**Source material**
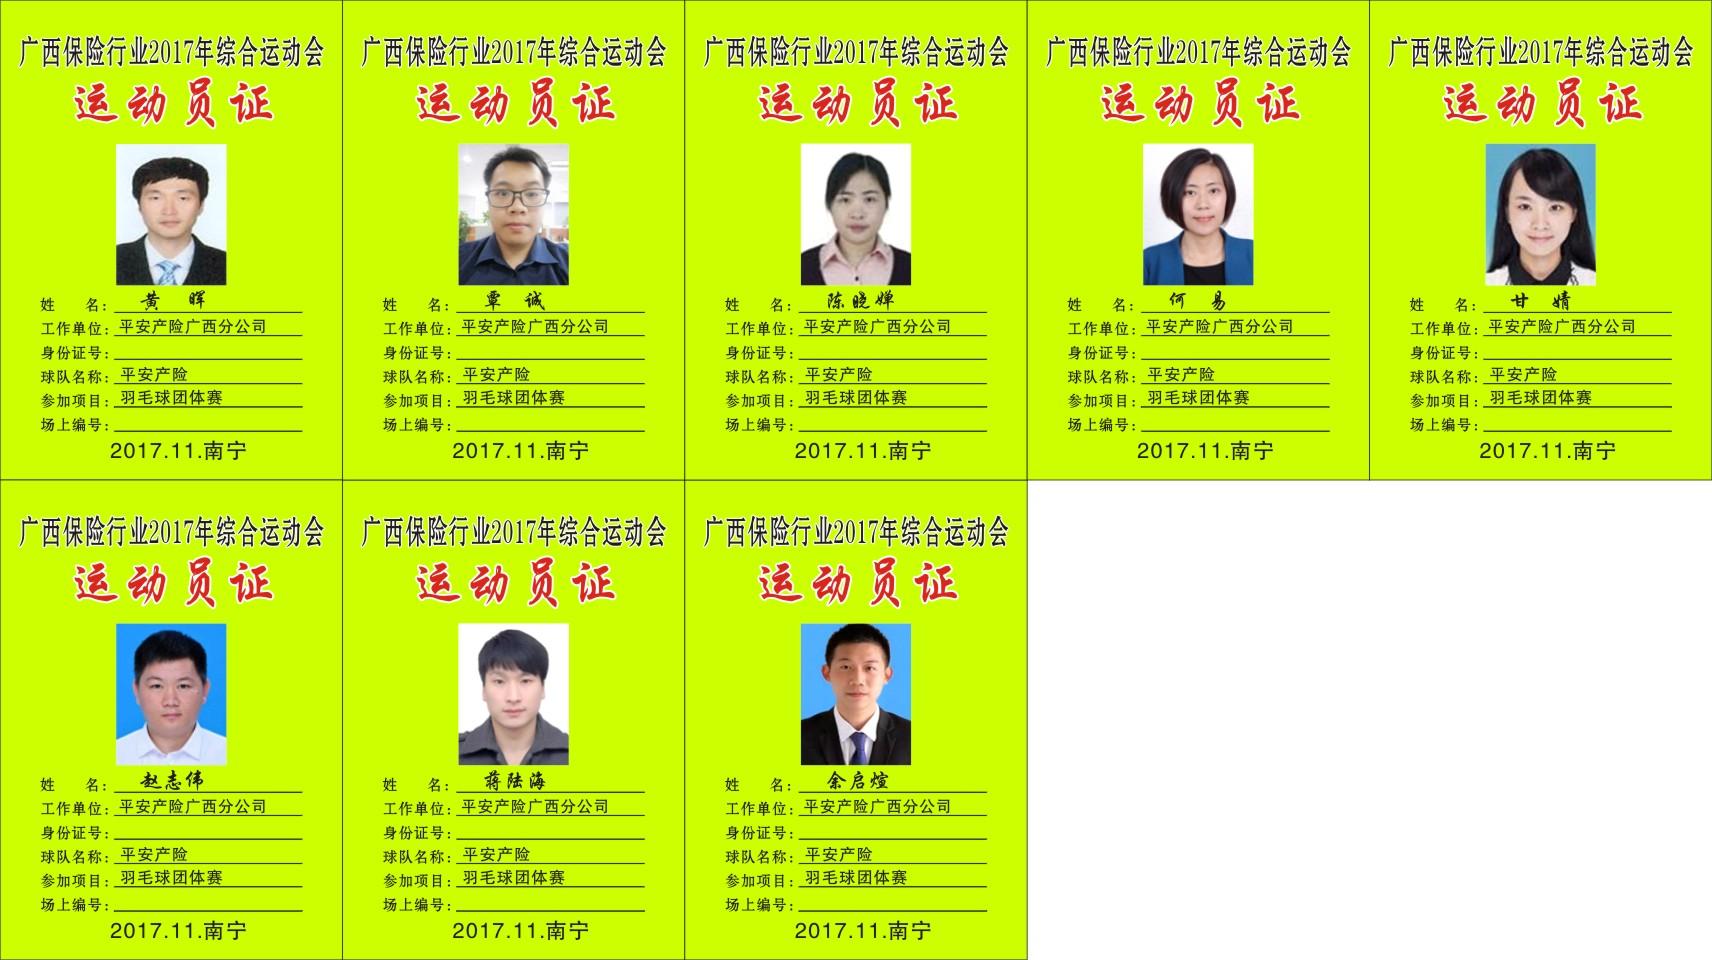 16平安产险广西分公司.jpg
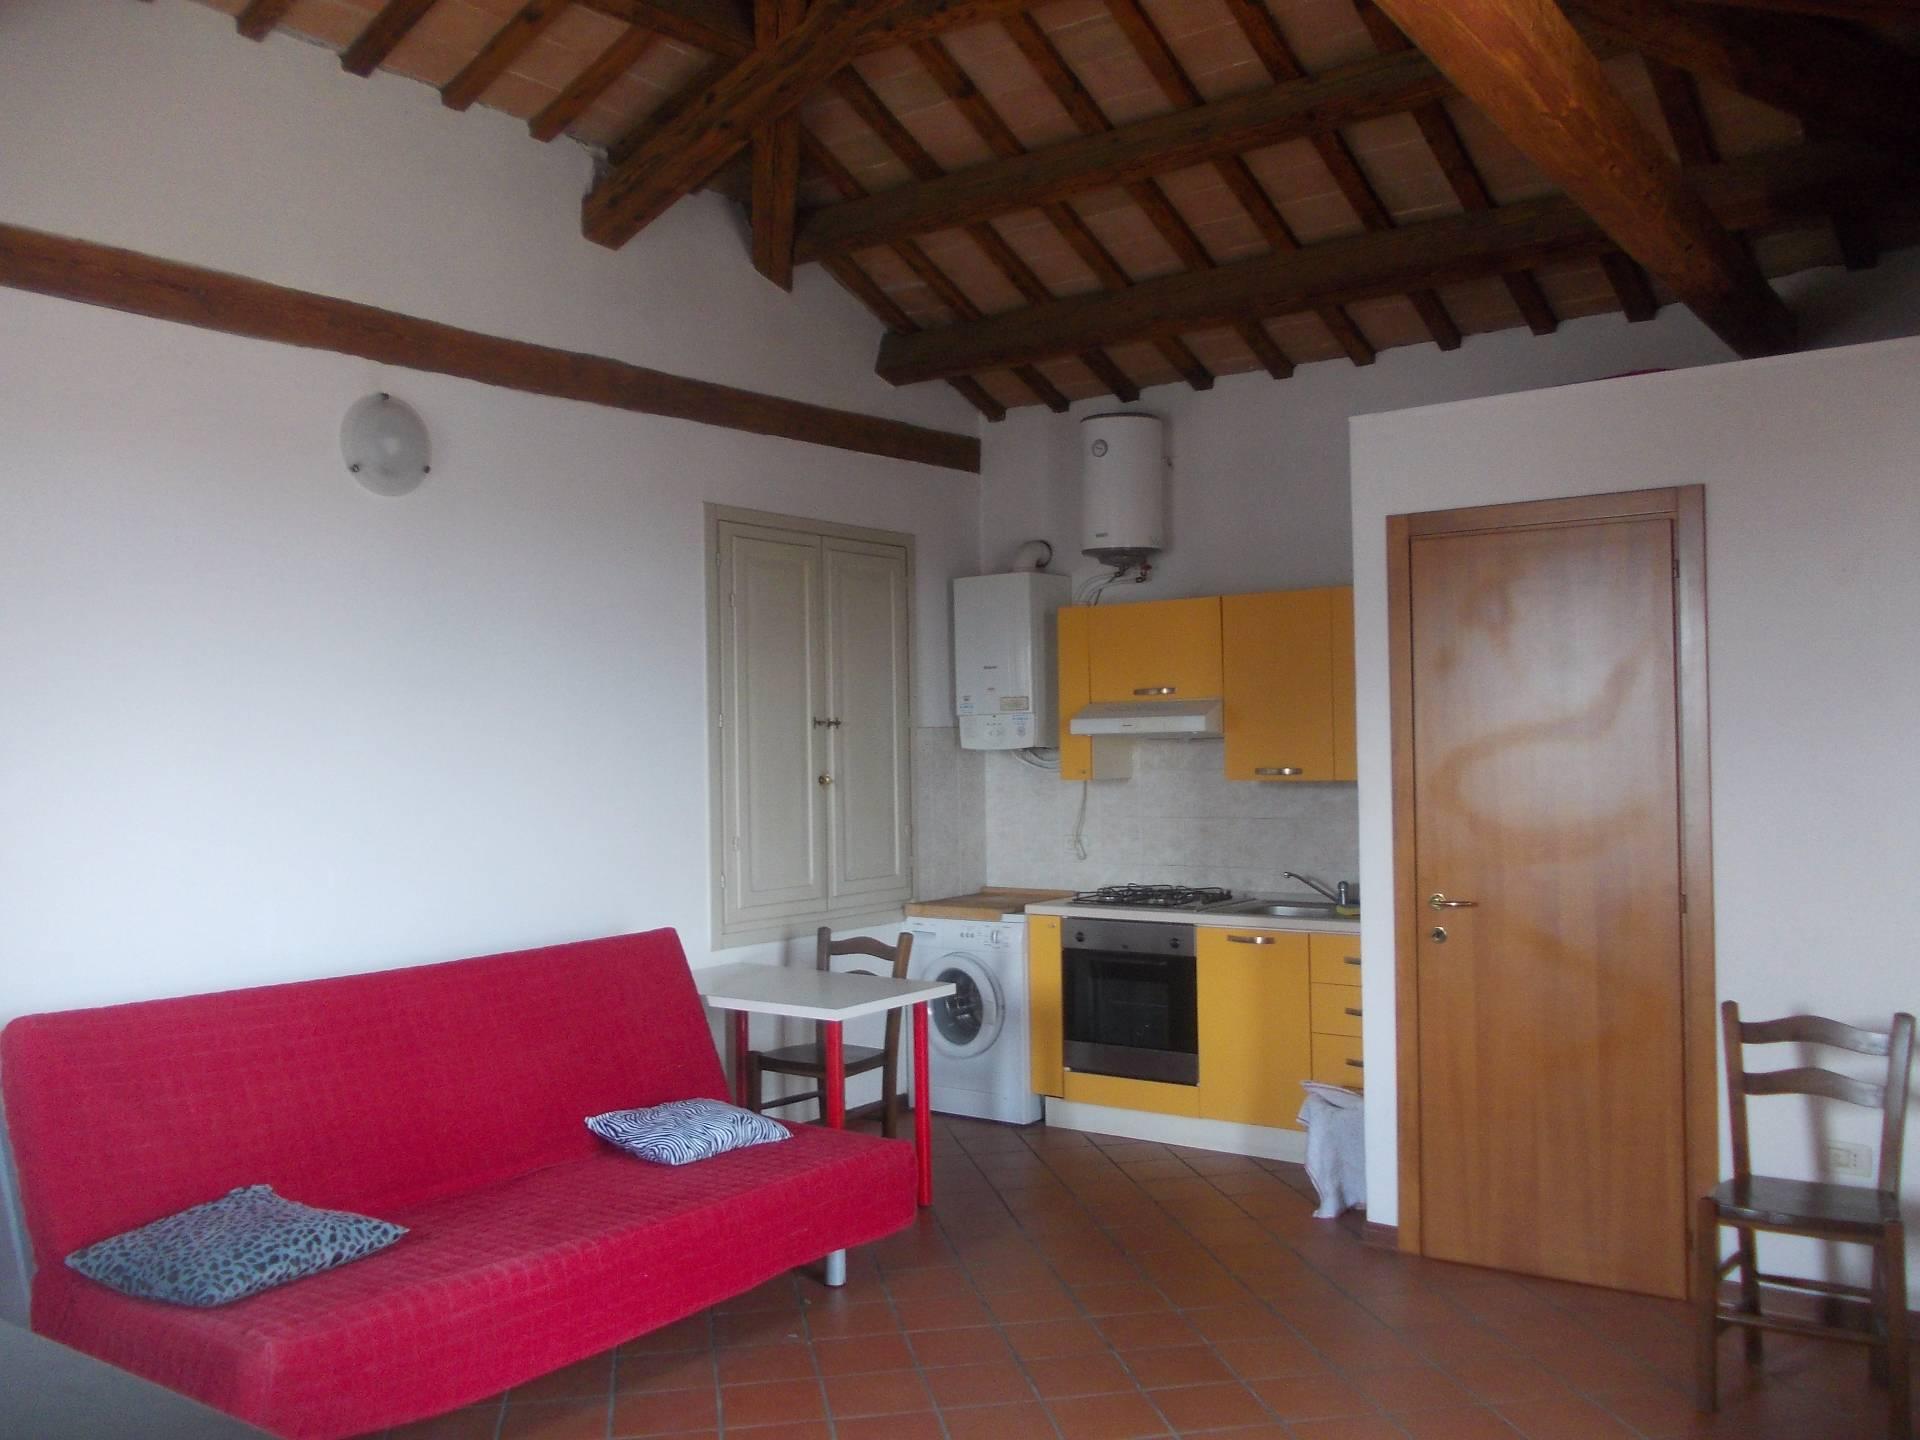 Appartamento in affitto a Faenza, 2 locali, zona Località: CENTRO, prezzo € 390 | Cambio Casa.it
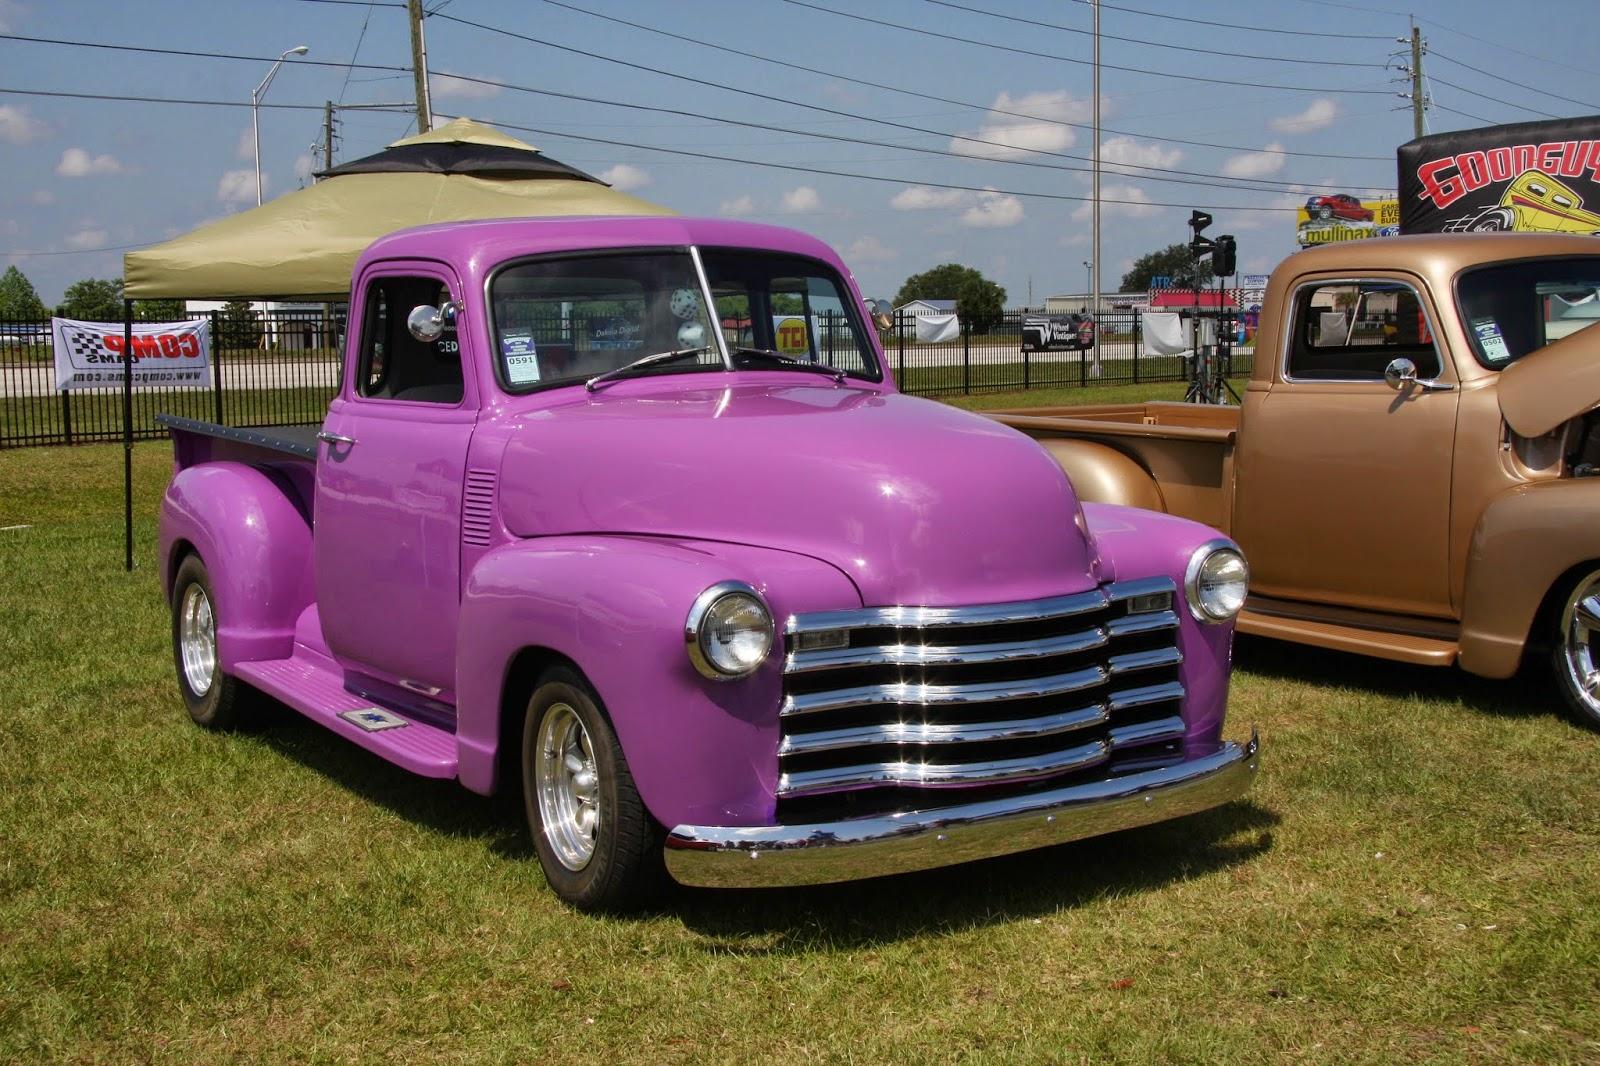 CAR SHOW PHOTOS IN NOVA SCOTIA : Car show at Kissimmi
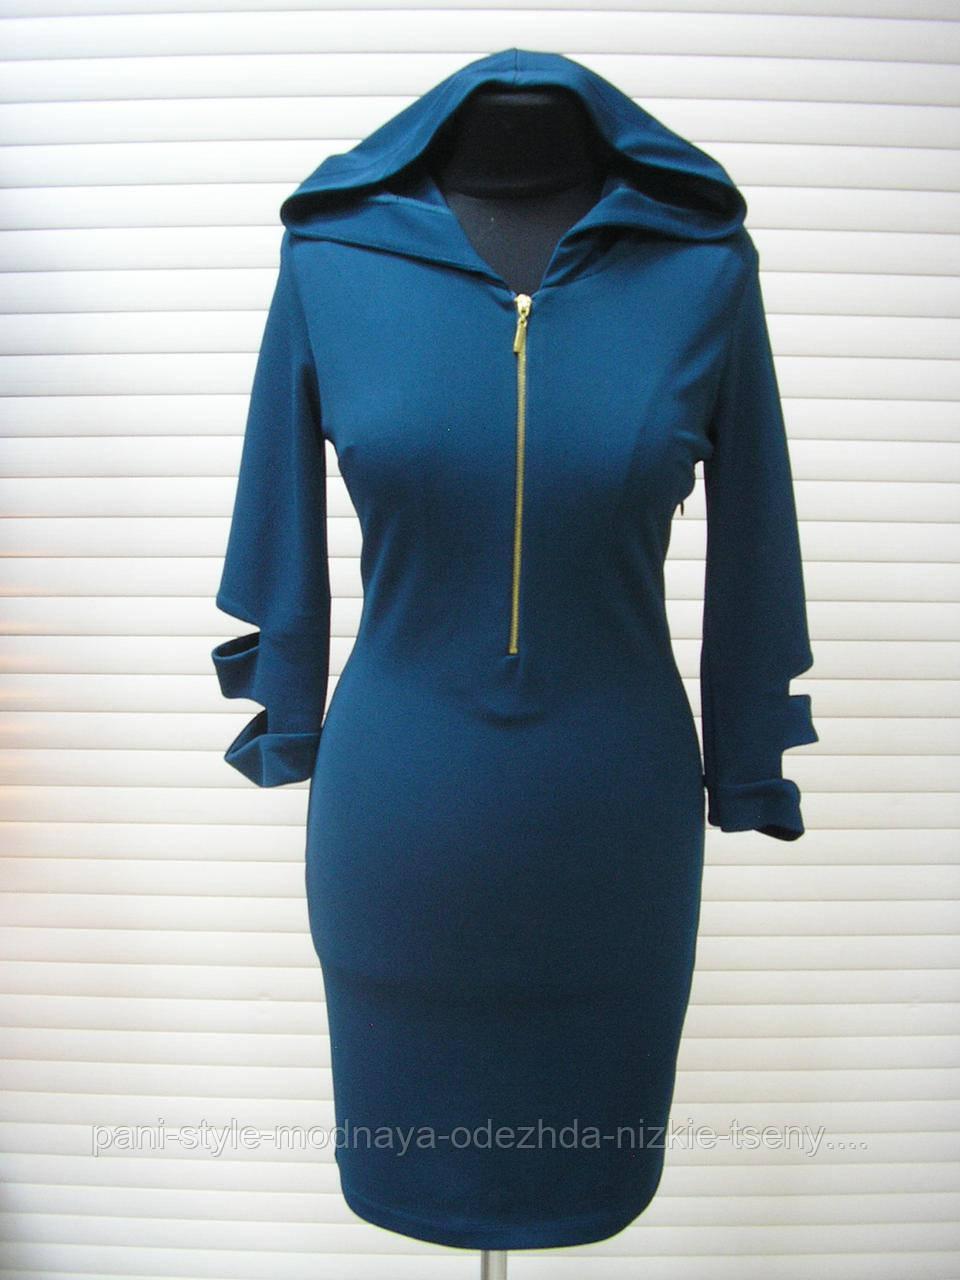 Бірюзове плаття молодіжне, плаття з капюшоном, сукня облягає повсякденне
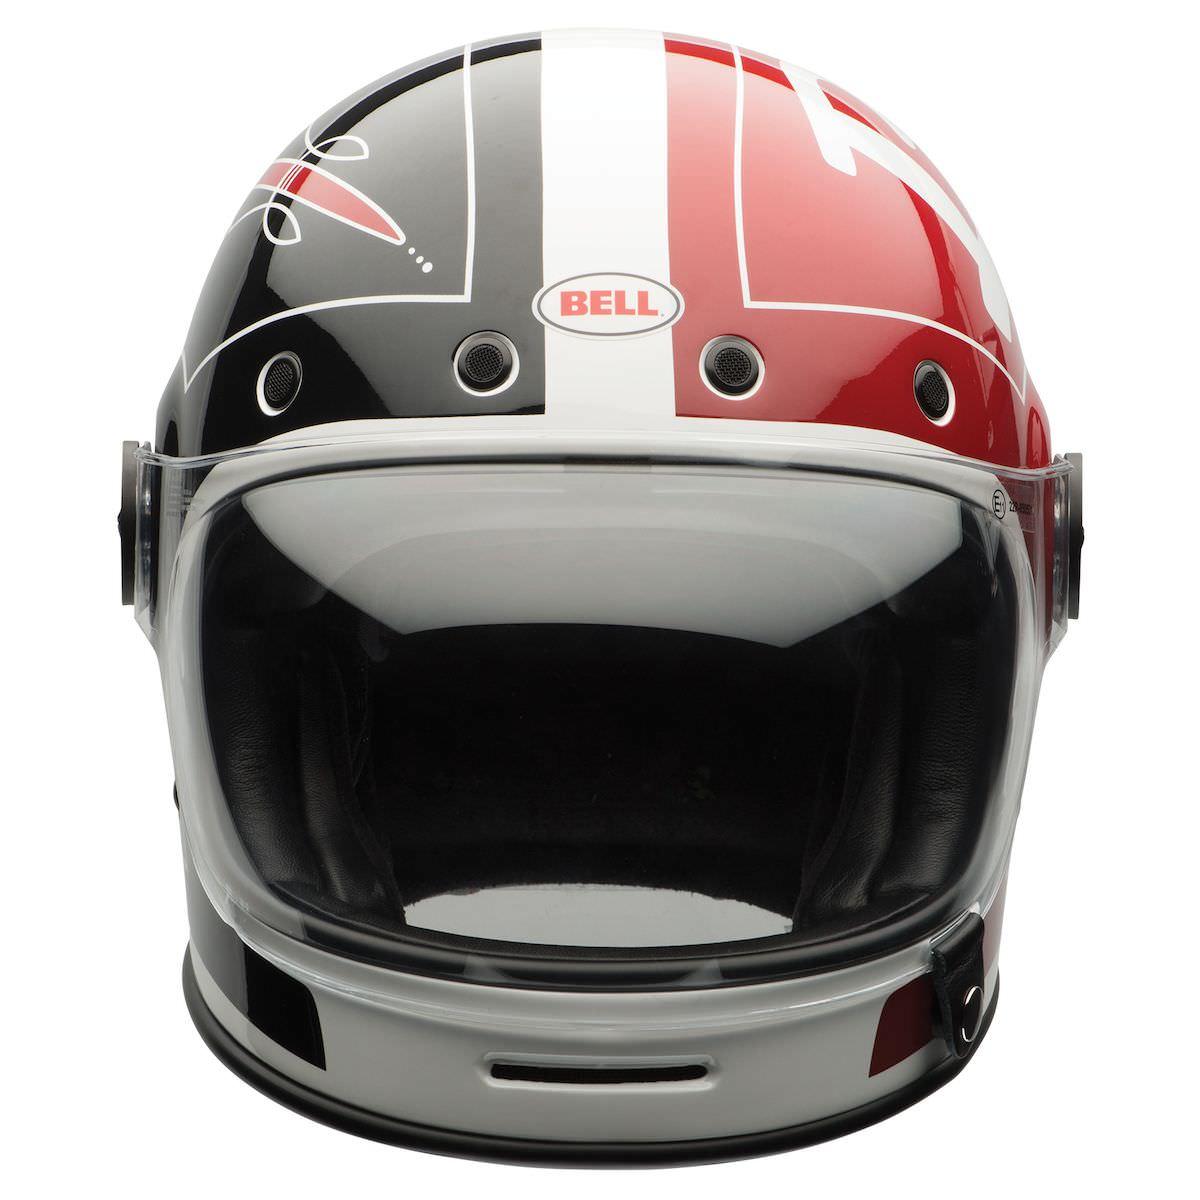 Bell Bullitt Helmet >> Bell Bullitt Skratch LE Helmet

**How to complete this task**
Skip the images and restate each record above word for word.

**Result of the exercise**
 16平安产险广西分公司.jpg
 Appartamento in affitto a Faenza, 2 locali, zona Località: CENTRO, prezzo € 390 | Cambio Casa.it
 CAR SHOW PHOTOS IN NOVA SCOTIA : Car show at Kissimmi
 Бірюзове плаття молодіжне, плаття з капюшоном, сукня облягає повсякденне
 Bell Bullitt Helmet >> Bell Bullitt Skratch LE Helmet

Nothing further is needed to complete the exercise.